__Exercise objective__:
Return exactly the span of lines in the following data that opens with the line containing "Acting can be" and closes with the line containing "PAUL STORR. Pair". Include nothing else.

__The data__:

== Segment start ==

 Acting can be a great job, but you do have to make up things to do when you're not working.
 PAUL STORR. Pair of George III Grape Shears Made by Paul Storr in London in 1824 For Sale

== Segment end ==
== Segment start ==

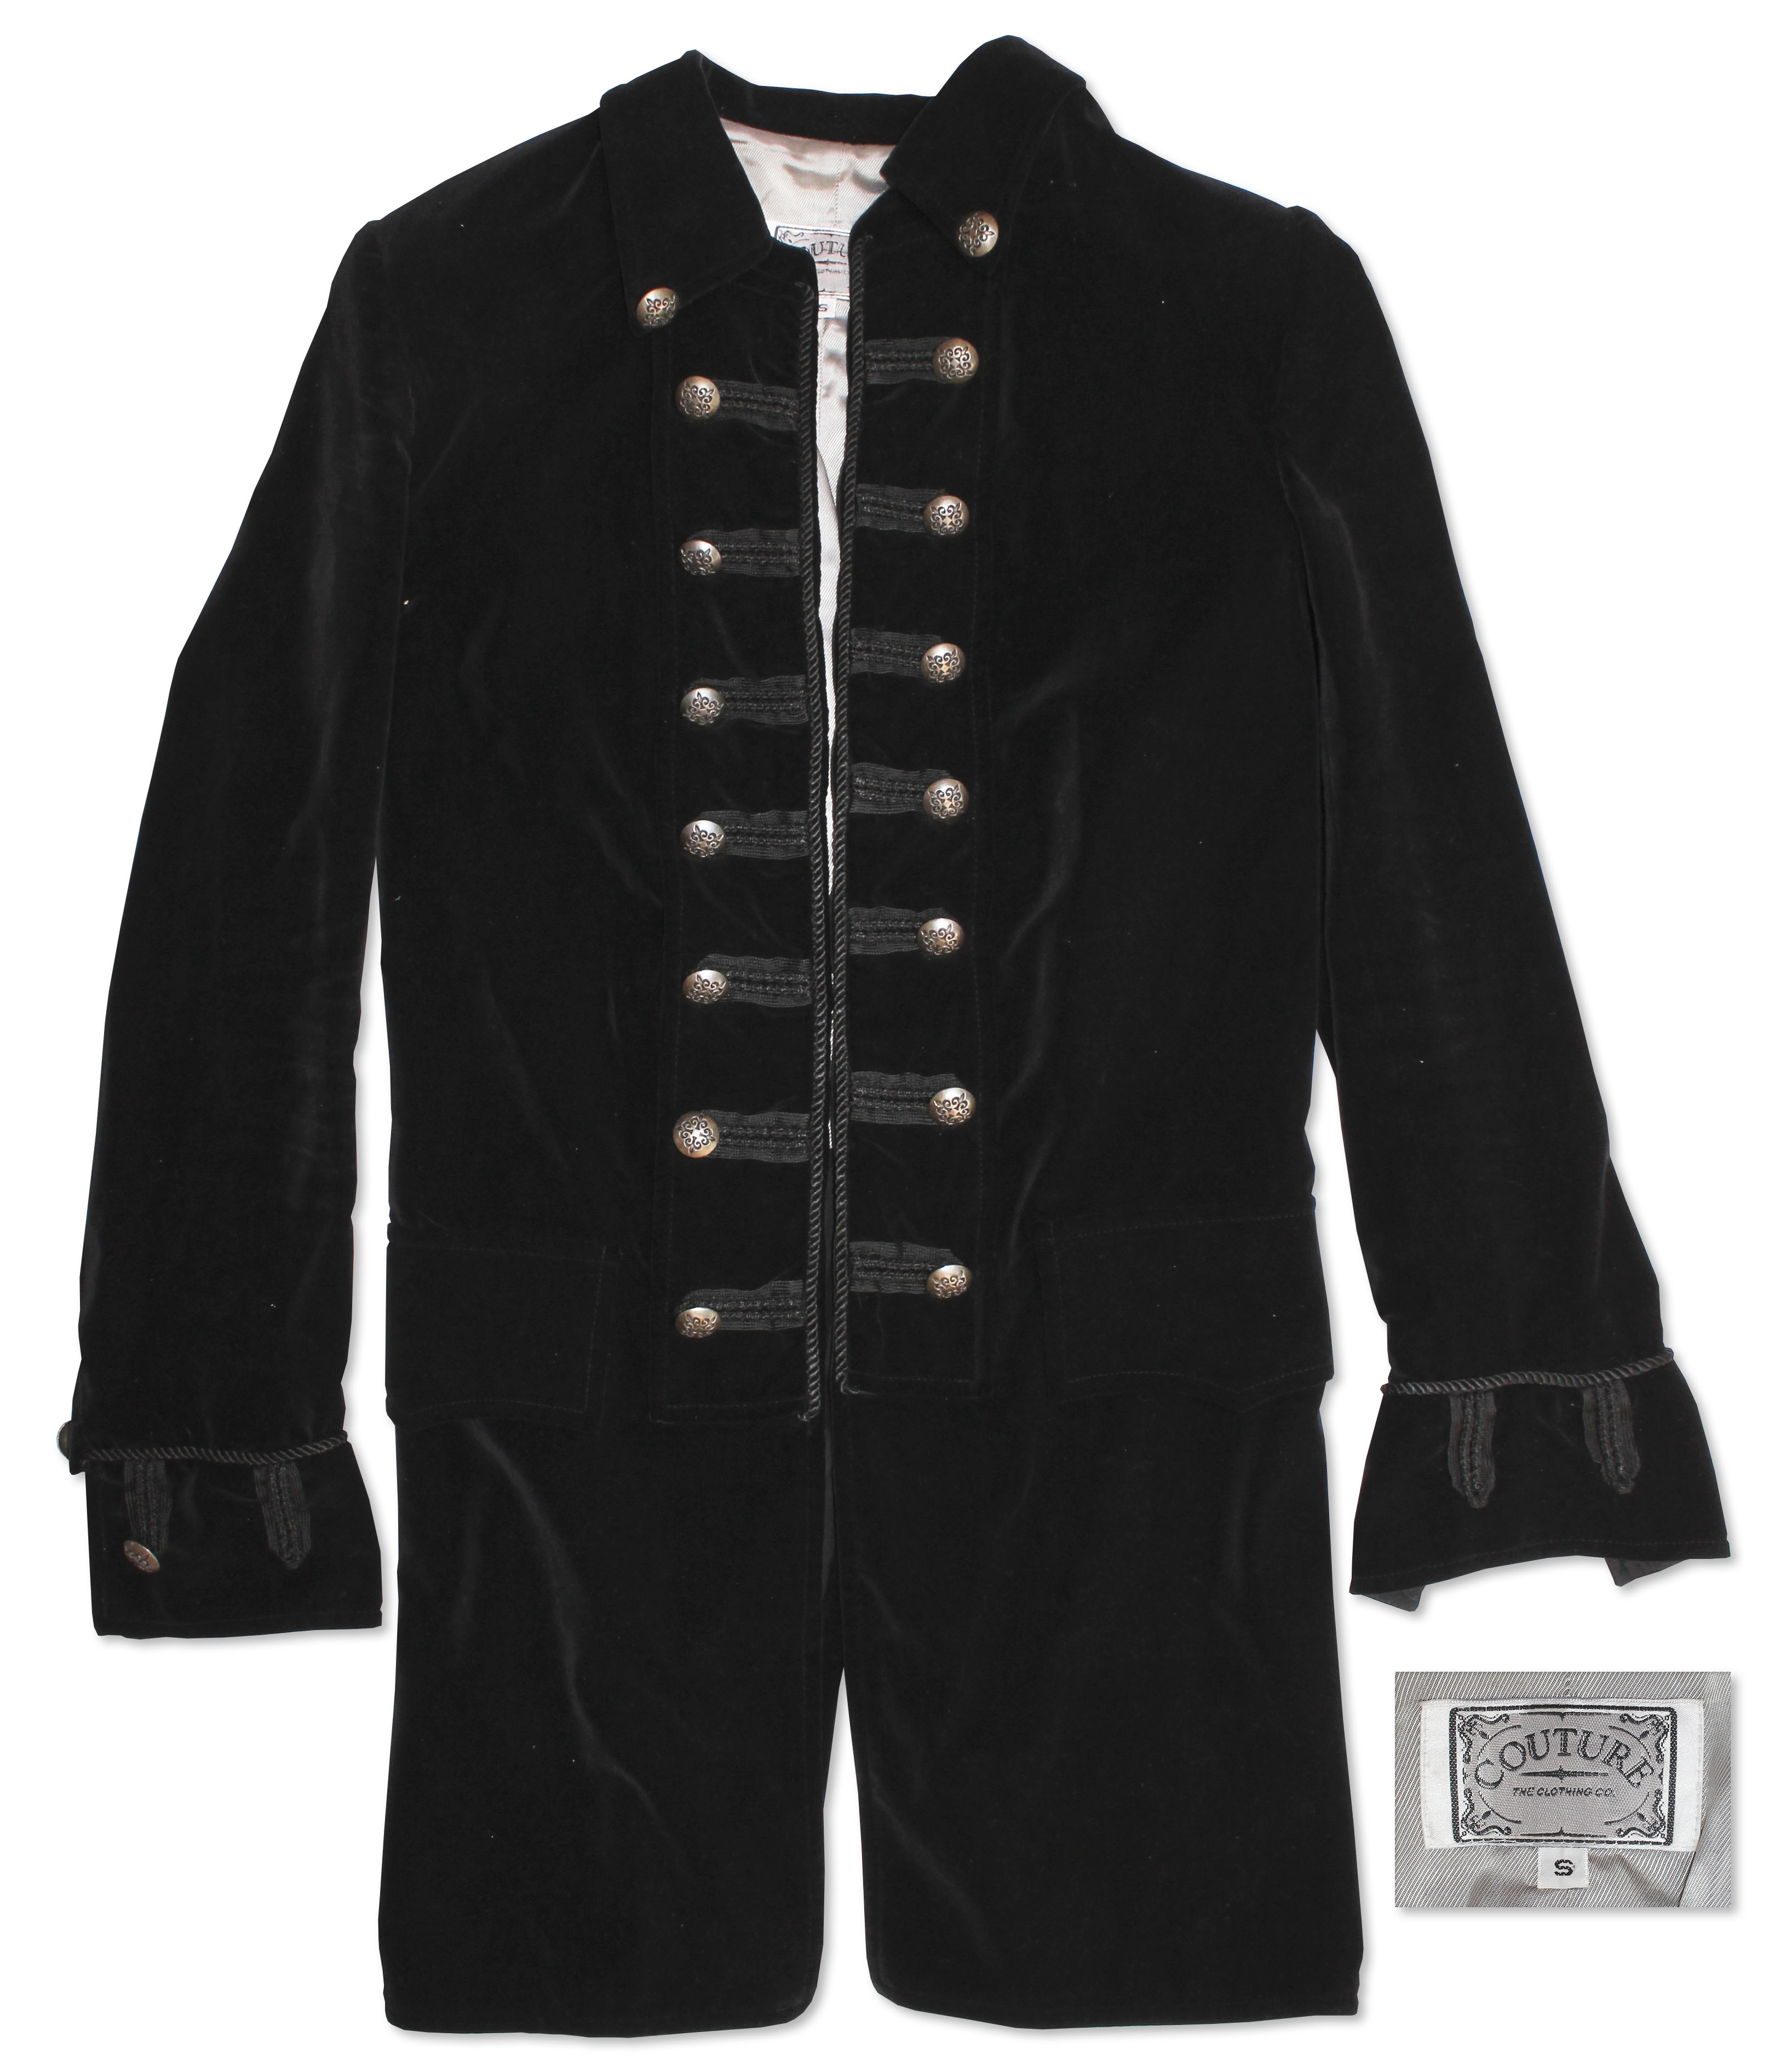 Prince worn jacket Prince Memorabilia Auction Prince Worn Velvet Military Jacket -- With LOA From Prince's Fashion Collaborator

== Segment end ==

__Response to this exercise__:
 Acting can be a great job, but you do have to make up things to do when you're not working.
 PAUL STORR. Pair of George III Grape Shears Made by Paul Storr in London in 1824 For Sale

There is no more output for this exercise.